§ EXERCISE
Given the material below, return only the lines starting at the line with "realistisk mini buss" and ending at the line with "Skier sliding rail in Terrain Park", exactly as they appear.

§ RECORDS FOR THIS TASK
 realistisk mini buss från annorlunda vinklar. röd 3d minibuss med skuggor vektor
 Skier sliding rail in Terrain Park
==
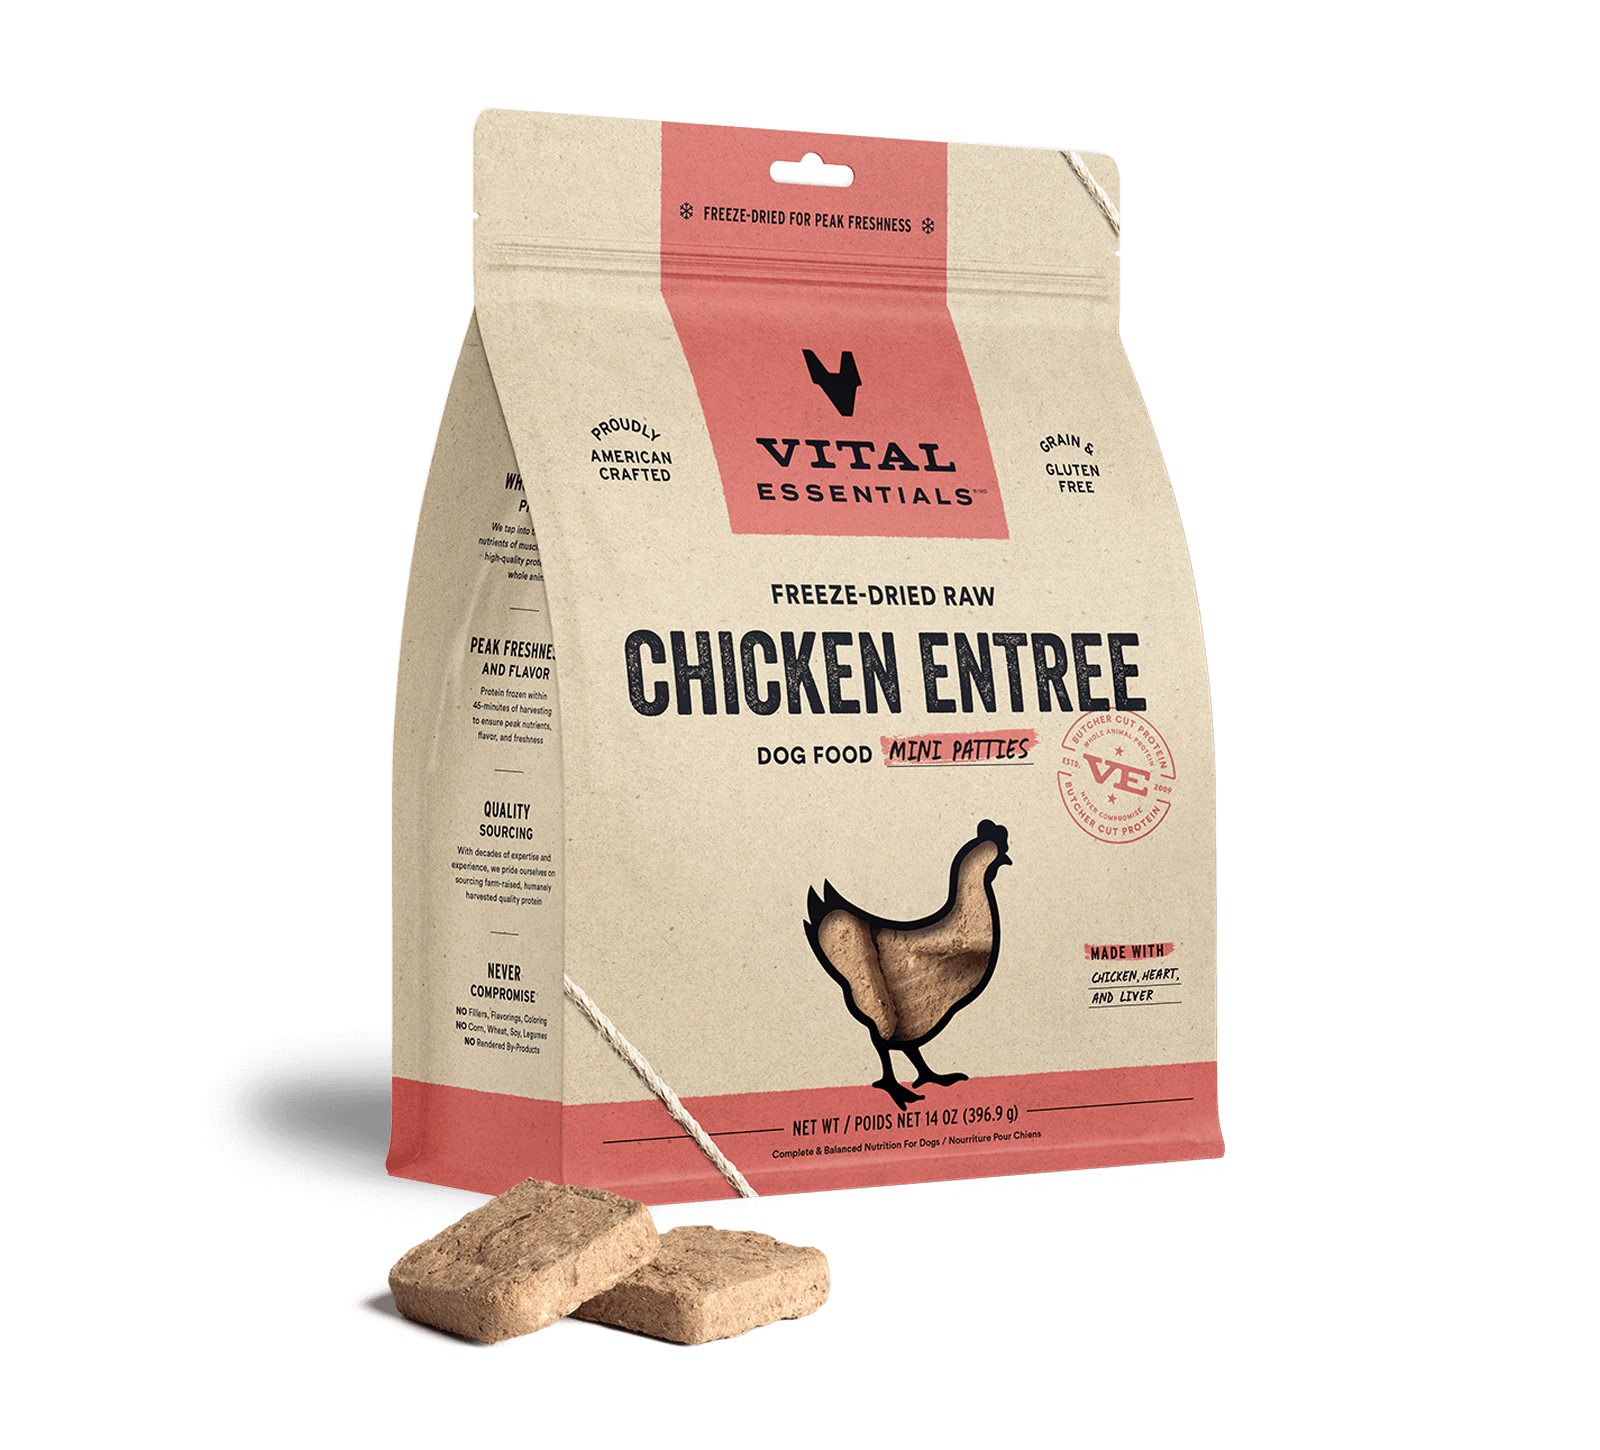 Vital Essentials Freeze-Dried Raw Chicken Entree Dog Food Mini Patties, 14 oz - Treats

§ TASK OUTPUT
 realistisk mini buss från annorlunda vinklar. röd 3d minibuss med skuggor vektor
 Skier sliding rail in Terrain Park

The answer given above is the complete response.